Item 2.03. Creation of a Direct Financial Obligation or an Obligation under an Off-Balance Sheet Arrangement of a Registrant.  


The information set forth in Item 1.01 of this Current Report on Form 8-K is incorporated by reference into this Item 2.03.


Item 5.02. Departure of Directors or Certain Officers; Election of Directors; Appointment of Certain Officers; Compensatory Arrangements of Certain Officers.


(c)       On September 28, 2017, the Company announced in a press release that it had appointed Terry L. Becker to the position of Chief Operating Officer of the Company, effective immediately. Mr. Becker also will continue to serve on the Company’s Board of Directors. Mr. Becker’s employment is at-will and is not subject to a written employment agreement at this time. However, the Company has agreed to compensate Mr. Becker $135,000 per year for his services as Chief Operating Officer of the Company.


In addition to his service on the Company’s Board of Directors since May 2015, Mr. Becker brings to the Company extensive engineering experience. From February 2014 to September 2017, Mr. Becker was Director of Engineering and Global Product Support at Peterson Pacific Corporation. Prior to that, from October 2012 to February 2014, Mr. Becker worked at the Company as its Engineering, Manufacturing and Operations Manager. From December 2008 to September 2012, Mr. Becker was the Deputy Director of Operations for an AeroTech segment of John Bean Technologies Corporation. Mr. Becker is also President and Chairman of the Board of TL Becker Corp. (or Oregon Pattern & Foundry), a non-ferrous foundry and rapid prototype/pattern making company, which he helped found in 2007. Mr. Becker holds an A.S. degree in engineering physics from Loma Linda University and a B.S.M.E. from Walla Walla University.





Mr. Becker is 57 years old and has no familial relationships with any executive officer or director of the Company. There have been no transactions in which the Company has participated and in which Mr. Becker had a direct or indirect material interest that would be required to be disclosed under Item 404(a) of Regulation S-K.

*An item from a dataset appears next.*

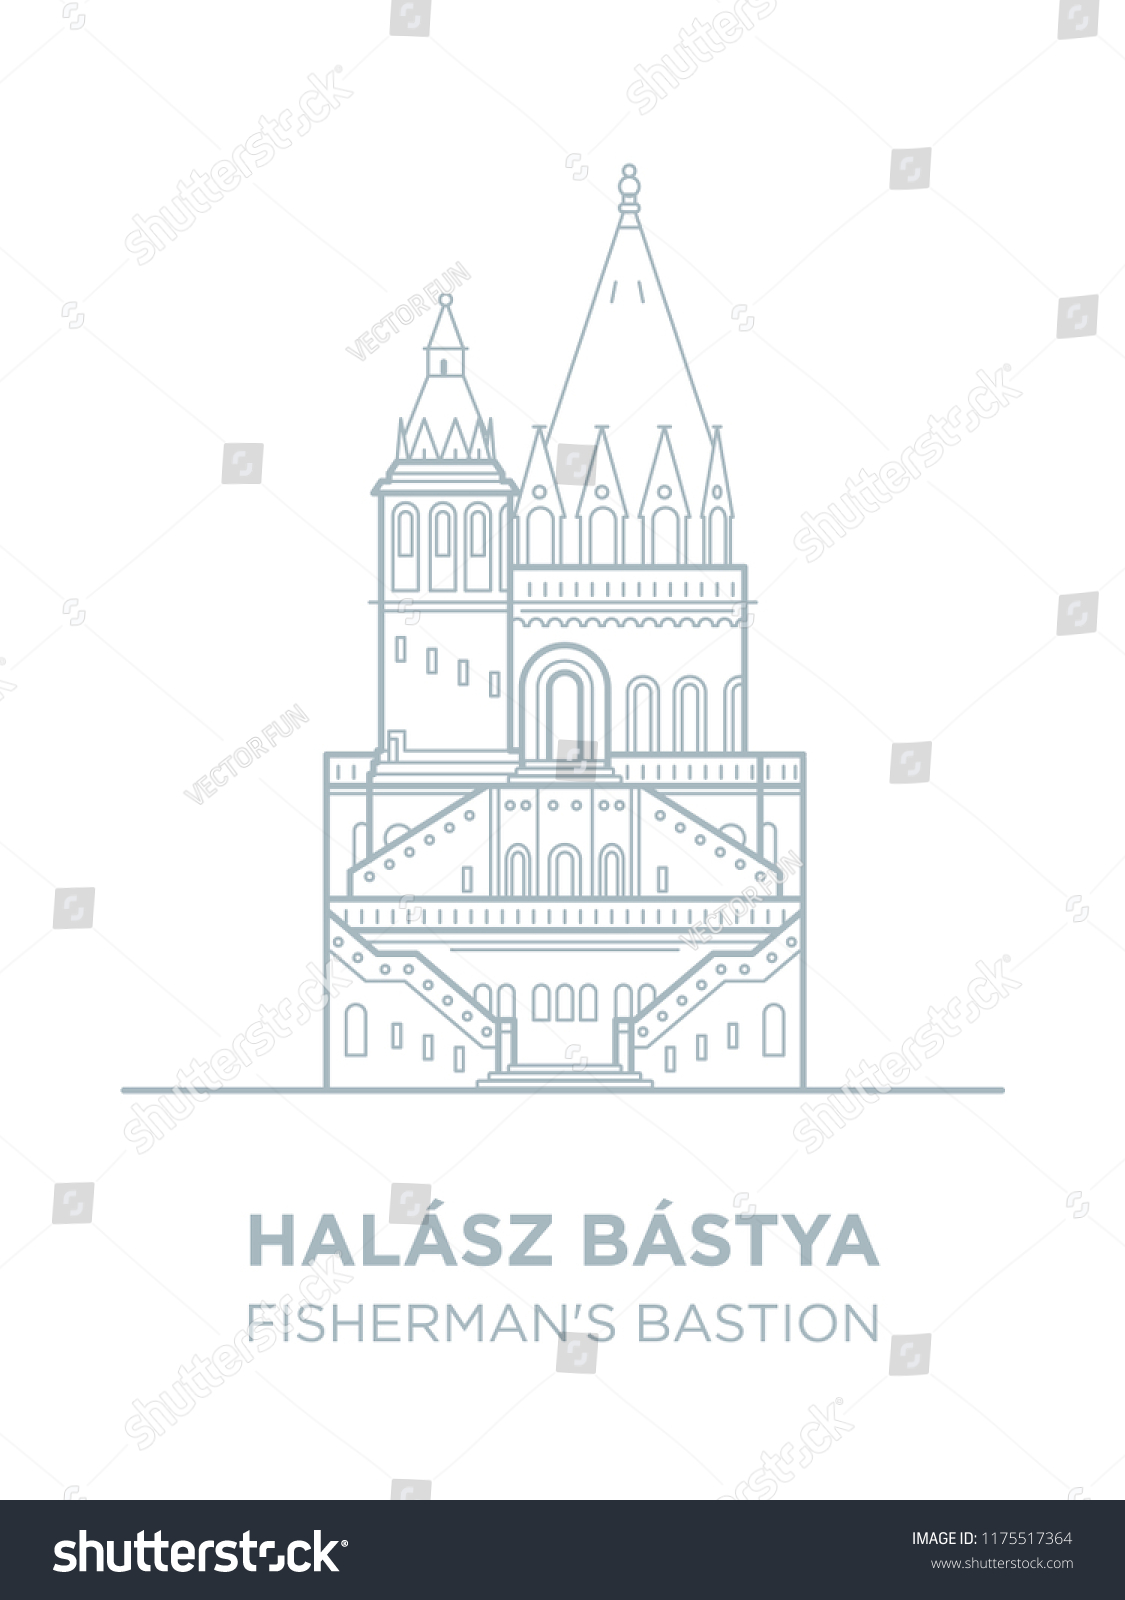 SVG of Fisherman's bastion towers in Hungary capital icon. Vector art illustration flat design. Budapest famous architectural landmark thin line illustration. Hungarian tourist destination you have to visit svg

A copy of the press release regarding Mr. Becker’s appointment as Chief Operating Officer is attached hereto as Exhibit 99.2.


Item 9.01

Financial Statements and Exhibits.


(d) Exhibits


  Exhibit No.    


  10.1   Industrial Lease dated September 3, 2017 by and between Arcimoto, Inc. and 2034 LLC.
  99.1      Press release dated September 28, 2017 announcing the Industrial Lease.
  99.2   Press release dated September 28, 2017 announcing Mr. Becker’s appointment as Chief Operating Officer of Arcimoto, Inc.







Pursuant to the requirements of the Securities Exchange Act of 1934, the registrant has duly caused this report to be signed on its behalf by the undersigned hereunto duly authorized.